Everyone knows the Trump racist. The loud mouthed one who clearly hates on certain groups of people. Do you know the Bush racist? Very nice, smiling folk, who treats everyone equally. Obviously not a racist. Until it comes to policy. Affirmative Action? Reparations? Programs to empower people of color? Nah man, everyone is equal so why give people of color special treatment? Color blind racism – that’s Bush racism.
While I enjoyed CGP Grey’s video and the Hello Internet podcast and found it amazing that someone from the U.S. was a proponent of a proportional representation electoral system, I found the occasional encounters with race uncomfortable. The first was when Grey and Brady mentioned Serial. Grey said, “it’s a show about a high school student who was murdered”. Now I understand you may not try to promote competing products too much, but Serial’s most prominent feature is not that a high school student was killed. That’s pretty dull by U.S. standards. Serial is a relevant social commentary because it happens in black majority city in uneasy arrangement with incoming immigrants, including Arab Americans and a minority Asian population. The school was almost entirely black, and the Pakistani student and the Korean student were dating. The Korean student was killed, and the jury blamed the ex-boyfriend. Some even cited muslim traditions, even though the student’s religious practice was near nil.
All that was summed up as “a student murder”.
Anyway. Then came Guns, Germs and Steel. I majored in Anthropology in college, and never came across GGS in the curriculum but knew it was a famous book. I actually have it, and I was still in the process of reading it when the episode came up.
As Grey argues, there’s a lot of people arguing over details. But the fundamental problem is that there’s tons of people in the world who think Europeans amassed their wealth because they lived in a cold region and had to rely on hard work, and people of color did not have this because they lived in warm environments were food was plentiful. It’s a pretty stupid argument, but for most people who don’t care about the issue this is good enough and that’s why they are sticking with it. The world is like 40% people who don’t care, 15% people who believe in shit like this and think people of color are inferior, 40% people who don’t really care but have heard of these theories and generally think them to be true, and 5% people who are beyond this environmental determinism. Just because you are surrounded by people who are beyond environmental determinism, it does not mean that the majority of the world is still dominated by this incorrect theory.
The problem with GGS is that it gave fresh, relatively easy to read ammunition to environmental determinism. People who talked about the weather to justify the inferiority of blacks and asians now can sharpen the theory and cite way more variables. It doesn’t matter what the author’s intentions was. This is why it is an otherwise boring anthro book became a bestseller.
Why do people not focus on this argument and instead go for pointing out the details?

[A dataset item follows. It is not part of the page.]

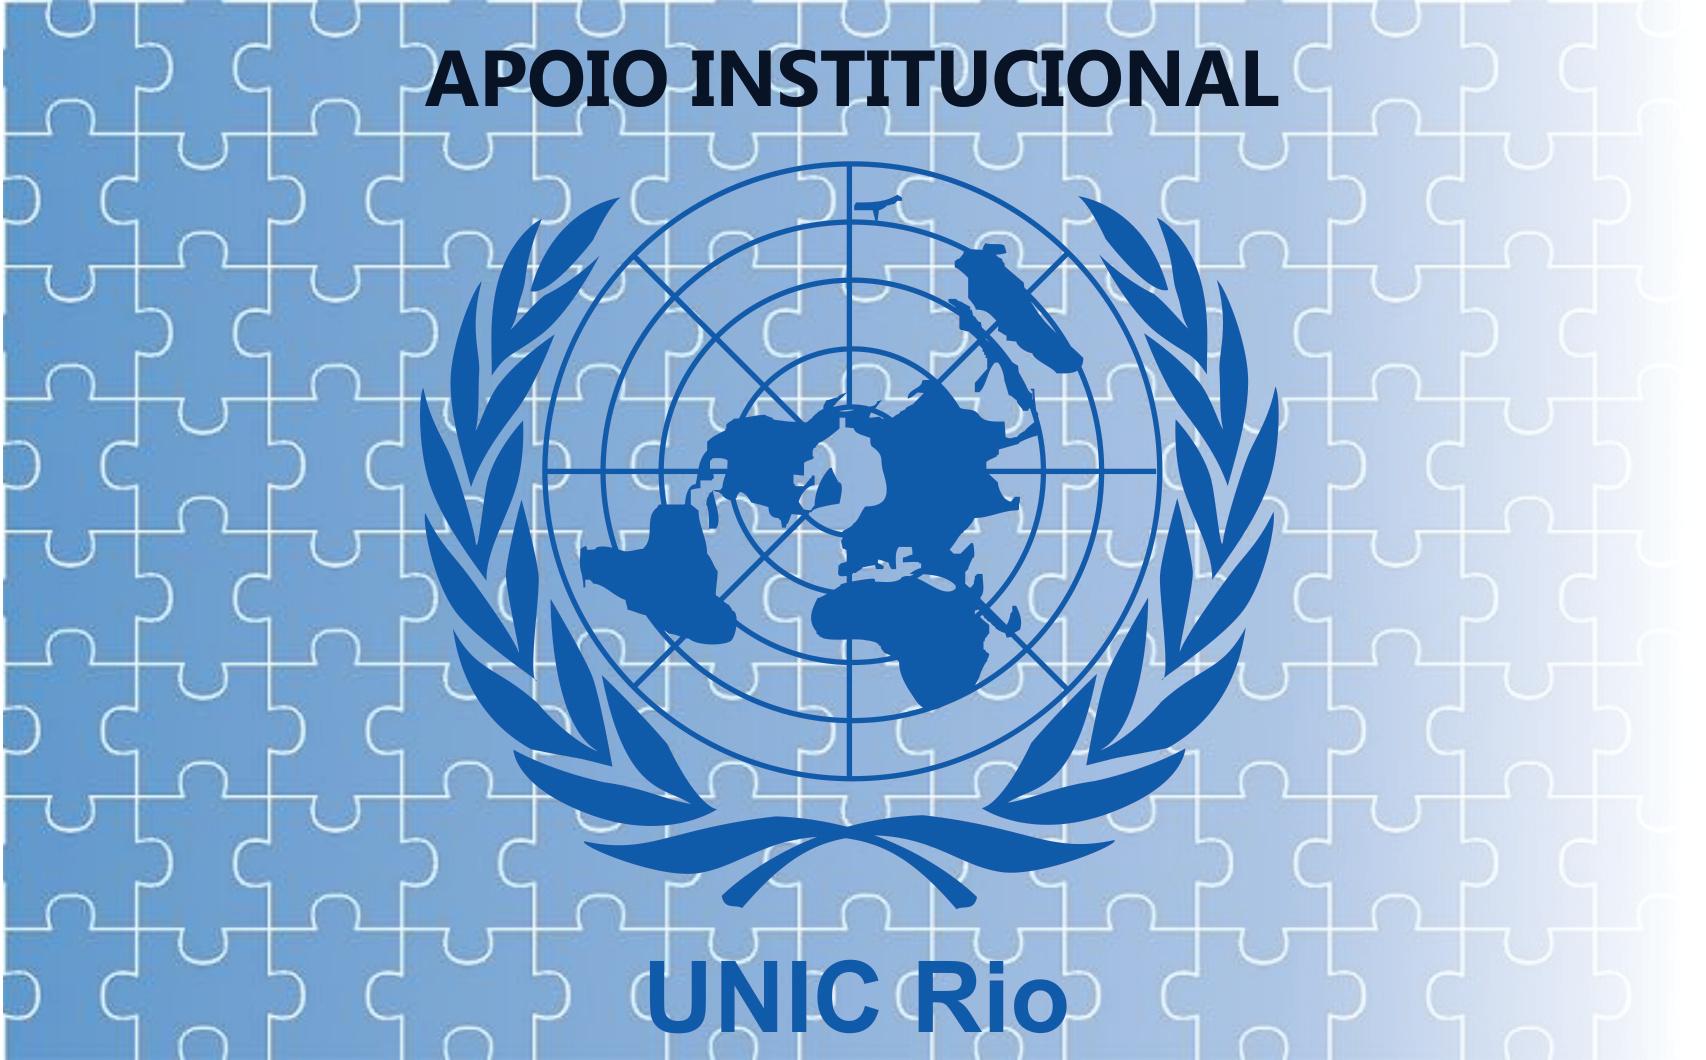 Evento com Apoio Oficial da ONU

Because a lot of people in the U.S. learn to systematically criticize racism in academia. In college, pointing out racism outright is an ideological argument – it’s considered a low effort argument. To make a proper argument, explain the details – because those can be debated in a meaningful way that builds up knowledge. Just arguing over racism without the facts is generally not welcome in academia.
So the people did this proxy battle over racism through facts, and Grey is overwhelmed. But the racism argument was clear enough, that Brady and Grey for the first time in over 50 episodes finally uttered the word “race” in their podcast. For the first time!
Then Brady quickly diluted this explosive word by poking fun at Australian nationalistic pride. Seriously? You spend 2 podcast hours to finally bring up race, then laugh it over a cricket game?
I do enjoy Grey’s functionalist approach to processes and the dynamic duo that Brady and Grey make up, but his encounter with GGS are bringing up aspects of their world view that I wish I hadn’t known about. Now that I do, every time they get close to the subject I just wish I was able to feed into the discussion, but I am frustrated that 99.9% of the podcast’s fan base completely agree with them on this.